Recommendations to central government

  • As it develops its new industrial strategy, the government should pay particular attention to the significant strengths of the health science sector in the north of England, beginning by rolling out a science and innovation audit across the whole of the North, and also by establishing better processes for strategic collaboration between government and subnational stakeholders.
  • Government should aim to move towards investing 20 per cent of its health science research funding in the North over the next five years – this would match the estimated R&D investment from the private sector, and would enable northern health economies to catch up with those in the golden triangle, or at least compete on a more level playing field.
  • Government should ensure northern health science sector interests are explicitly accounted for by the steering committee currently working on the impact of Brexit on the health science sector.
  • Government should invest in the northern life science capability that sits within the Department for International Trade, so that the team’s resources on the ground in the UK and abroad in post are in line with those of the UK’s devolved administrations, and reflect the scale of opportunity in this sector and the northern market size. Over time the life sciences sector should spearhead an approach to trade and investment in the North which is equivalent to those of the devolved administrations, and should develop its own special relationship with the North’s key partners abroad – countries such as the US, Japan, Singapore, India and China as well as the growing opportunities from and with the commonwealth.

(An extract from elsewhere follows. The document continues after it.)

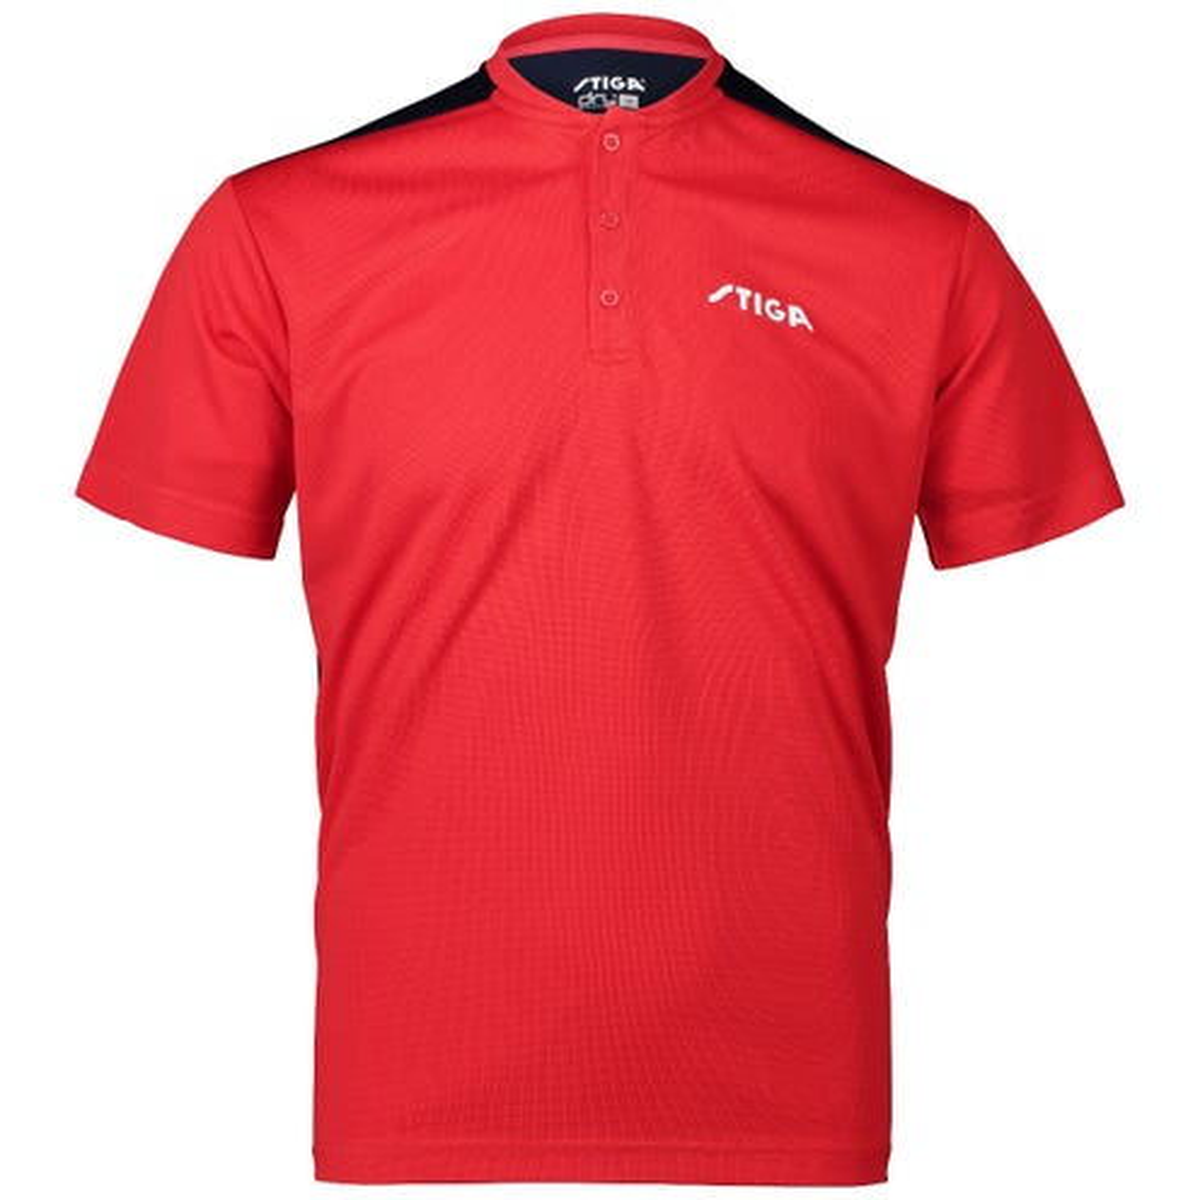 Stiga Club Red/Marine

Recommendations to local and regional stakeholders

  • Health service commissioners should develop new approaches to health procurement to maximise regional clusters and supply chains and drive up local economic multipliers. They should pull through research into practice more efficiently to maximise healthcare gains.
  • Local enterprise partnerships and growth hubs should support health science startups and match-fund ‘corporate accelerator’ partnerships between big UK and multinational firms and universities.
  • Local transport authorities – working closely with Transport for the North – should develop strategic transport plans around health service and complementary tech clusters, and support initiatives to broaden intercity connections to expand the highly skilled northern labour pool.